I've realized that a lot of things Botan does internally are pretty
hard to understand, and that a lot of things are only inside my head,
which is a bad place for them to be (things tend to get lost in there,
not to mention the possibility that I'll get hit by a truck next
week).

This document is currently very incomplete. I'll be working on it as I
have time.

\pagebreak

\section{Filter}

\type{Filter} is one of the core abstractions of the library. It is
used to represent any sort of transformation. Nearly all
\type{Filter}s are linear; they take input from a single source and
send their output (if any) to another single \type{Filter}. The one
exception is \type{Fanout\_Filter}, which uses friend access to
\type{Filter} in order to allow for multiple \type{Filter}s to attach
to its output.

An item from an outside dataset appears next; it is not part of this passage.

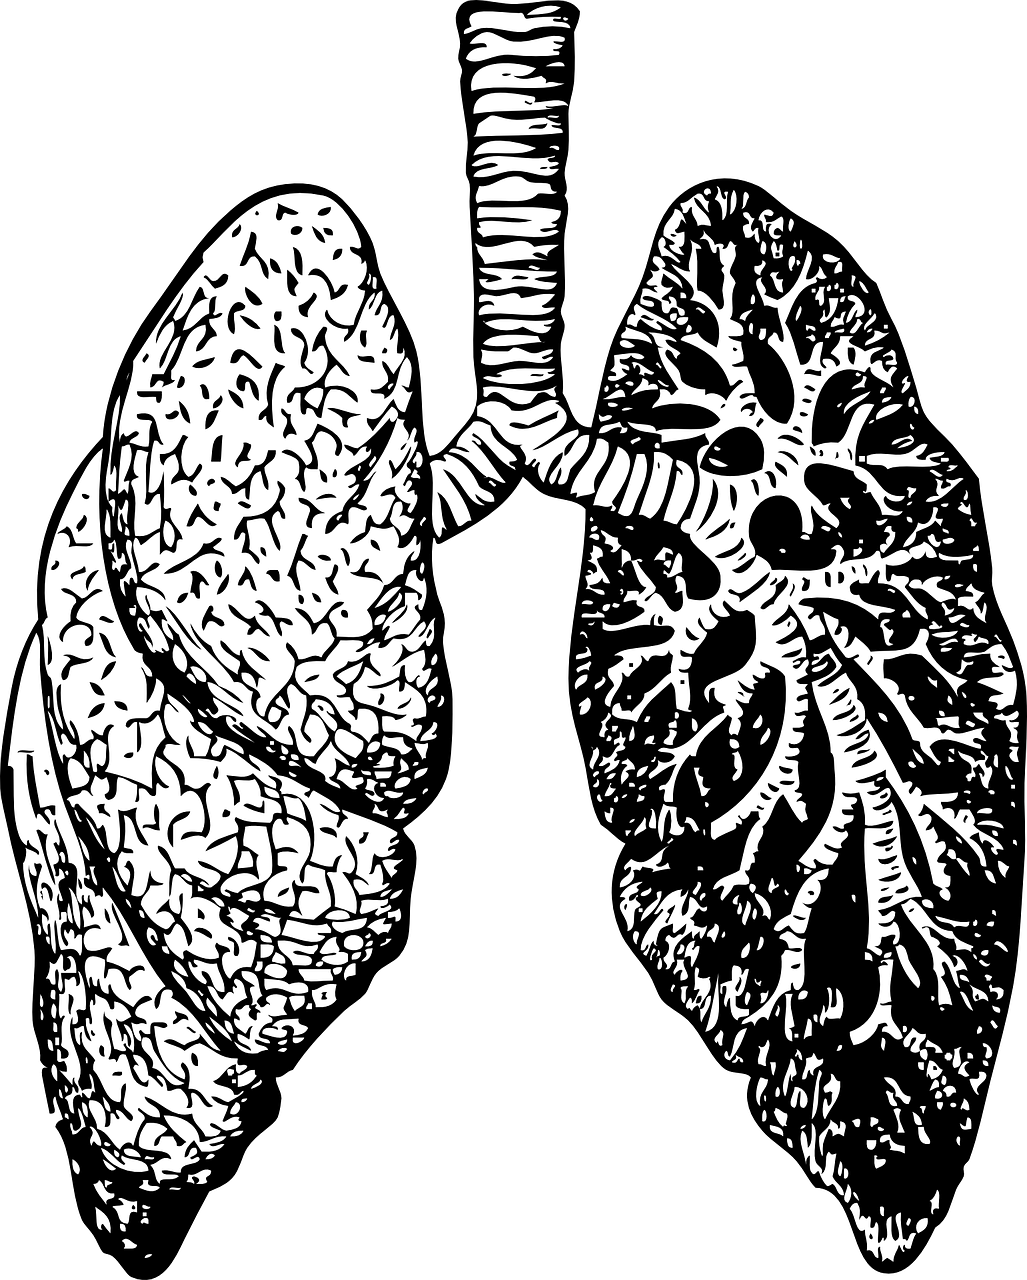 之前的文章,我们已经介绍过肺纤维患者经常会有哪些症状与体征了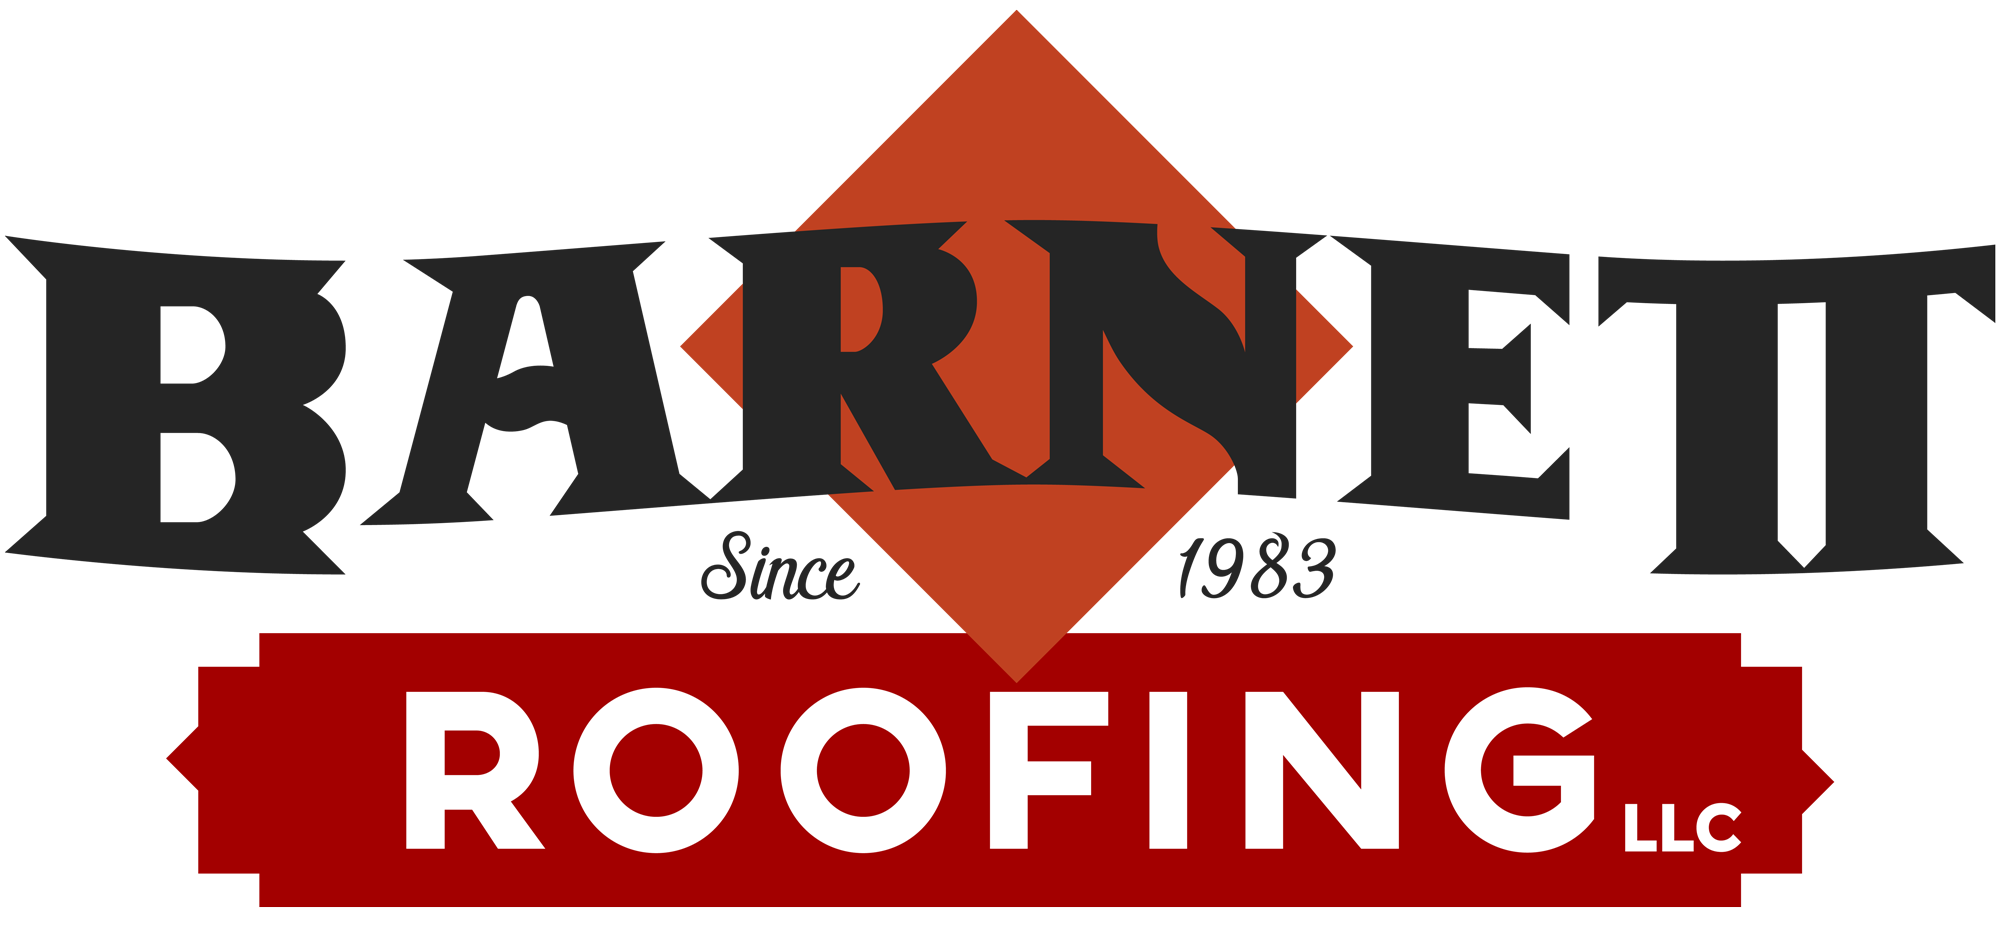 Barnett Roofing | Moscow Idaho Area

This special access is used by the Chain and Fork
filters; Chain encapsulates one or more \type{Filter}s into a single
Filter, and Fork sends its input to a set of several \type{Filter}
objects.

The majority of the relations between filters is maintained by the
\type{Pipe} object which ``owns'' the \type{Filter}s.

\section{Pipe}

\type{Pipe} is, conceptually, a tree structure of \type{Filter}
objects. There is a single unique top, and an arbitrary number of
leaves (which are \type{SecureQueue} objects). \type{SecureQueue} is a
simple \type{Filter} that buffers its input.

Writing into the pipe writes into the top of the tree. The filter at
the top of the tree writes its output into the next \type{Filter}, and
so on until eventually data trickles down into the bottommost
\type{Filter}s, where the data is stored for later retrieval.

When a new message is started, \type{Pipe} searches through the tree
of \type{Filter}s and finds places where the \arg{next} field of the
\type{Filter} is NULL. This implies that it was the lowest layer of
the \type{Filter} tree that the user added. It then adds
\type{SecureQueue} objects onto these \type{Filter}s. These queues are
also stored in an deque; this is so \type{Pipe} can read from them
later without doing a tree traversal each time.

\type{Pipe} will, if asked, destroy the existing tree structure, in
order to create a new one. However, the queue objects are not deleted,
because \type{Pipe} might be asked to read from them later (while
\type{Pipe} could delete all the messages in this case, the principle
of least astonishment suggested keeping them).

What I wrote about \type{Pipe} keeing the queues in a deque is a
lie. Sort of. It keeps them in an object called
\type{Output\_Buffers}, which keeps them in a
deque. \type{Output\_Buffers} is intended to abstract away how message
queues are stored from \type{Pipe}. After a queue has been added to
the output buffers object, \type{Pipe} keeps no references to it
whatsoever; all access is mediated by the \type{Output\_Buffers}.
This allows queues which have been read to be deleted, rather than
leaving empty queue objects all over the place.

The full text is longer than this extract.